Showing that the Entries of a Matrix Arise As Inner Products

[Bashyboy]

Homework Statement

Let $B \in M_n (\mathbb{C})$ be such that $B \ge 0$ (i.e., it is a positive semi-definite matrix) and $b_{ii} = 1$ (ones along the diagonal). Show that there exists a collection of $n$ unit vectors $\{e_1,...,e_n \} \subset \mathbb{C}^n$ such that $b_{ij} = \langle e_i, e_j \rangle$.

Homework Equations

The Attempt at a Solution

Note, this took a great deal of time to type, and I hope one would be so kind as to reply! :)

Now, obviously any set collection of $n$ unit vectors will satisfy the condition that $\langle e_i , e_i \rangle = 1 = b_{ii}$, for all $i \in \{1,...,n\}$. Hence, the choice of unit vectors will only depend upon the off-diagonal terms.

I tried proving the theorem in low dimensions, hoping that I might glimpse some natural choice of unit vectors that will extend to the $n \times n$ case.
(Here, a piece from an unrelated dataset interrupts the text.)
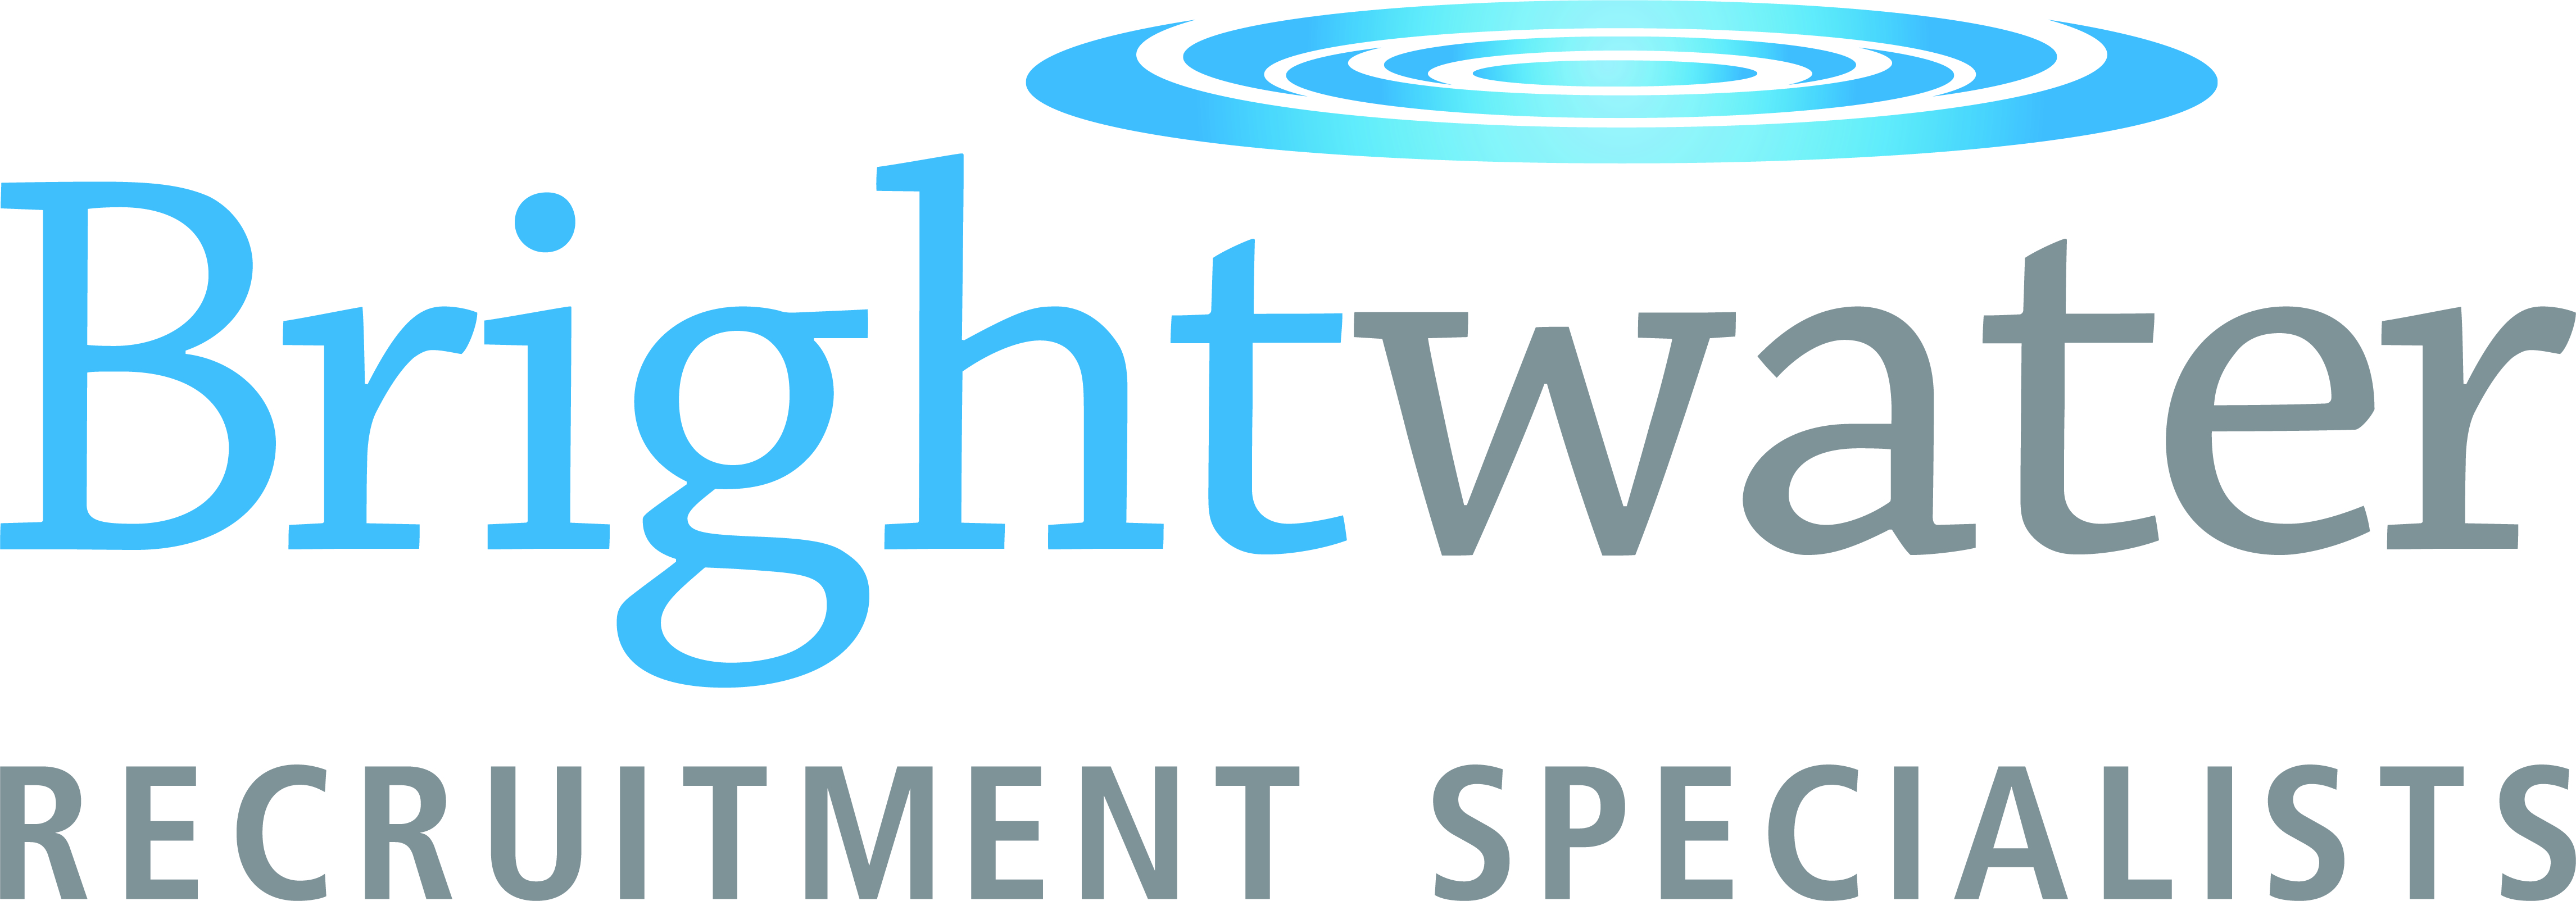 Brightwater Recruitment Consultants

For instance, in the 2x2 case, we have that

$\begin{bmatrix} 1 & b_{12} \\ \overline{b_{12}} & 1 \\ \end{bmatrix} \ge 0 \implies |b_{12}| \le 1$

Letting $b_{12} = |b_{12}| e^{i \theta_{12}}$, then the choice of unit vectors would be $e_1 = \begin{bmatrix} e^{i \theta_{12}} \\ 0 \end{bmatrix}$ and $e_2 = \begin{bmatrix} |b_{12}| \\ \sqrt{1 - |b_{12}|^2} \end{bmatrix}$, both of which are obviously unit-vectors. Computing the inner-products, we arrive at $\langle e_1 , e_2 \rangle = |b_{12}| e^{i \theta_{12}} = b_{12}$ and $\langle e_2, e_1 \rangle = \overline{\langle e_1 , e_2 \rangle} = \overline{b_{12}}$, which finishes the proof in the 2x2 case.

However, things in the 3x3 become particularly unilluminating, without there being any seemingly natural choice that would help in the nxn case. So, in the 3x3 case, we need to find $e_1$, $e_2$, and $e_3$ such that $\langle e_1, e_2 \rangle = b_{12}$, $\langle e_1, e_3 \rangle = b_{13}$, etc. Because unitary matrices preserve the inner product, I know I can choose a unitary $U$ which will rotate all the unit vectors; in particular, I can rotate $e_1$ so that it becomes $\begin{bmatrix} 1 \\ 0 \\ 0 \end{bmatrix}$, which simplify things by reducing the number of variables. Now, let

$e_2 = \begin{bmatrix} z_1 \\ z_2 \\ z_3 \\ \end{bmatrix}$

$e_3 = \begin{bmatrix} z_4 \\ z_5 \\ z_6 \end{bmatrix}$,

demanding that $||e_2|| = 1$ and $||e_3|| = 1$ be true. So, we want to find $z_1,...,z_5$ such that

$\langle e_1 , e_2 \rangle = b_{12} \implies z_1 = b_{12}$

$\langle e_1, e_3 \rangle = b_{13} \implies z_4 = b_{13}$

$\langle e_2 , e_3 \rangle = b_{23} \implies \overline{z_4} z_1 + \overline{z_5} z_2 + \overline{z_6} z_3 = b_{23}$ or upon substitution $\overline{b_{13}} b_{12} + \overline{z_5} z_2 + \overline{z_6} z_3 = b_{23}$As one can easily perceive, this is a hideous mess, and will only grow more hideous with larger dimensions. My question is, is there some clever trick or elegant theorem I could be employing? If so, would you mind providing some hints? The only clever trick I could come up with was the rotation with $U$.

 

[micromass]

Consider the inner product $\mathbf{x}B\mathbf{y}^T$.

 

[Bashyboy]

Where x and y are just any vectors in $\mathbb{C}^n$? Why are you taking the transpose of $y$? The inner-product I am using is $\langle x,y \rangle := y^* x$.

 

[Bashyboy]

If anyone else has any suggestions, I would appreciate them being shared.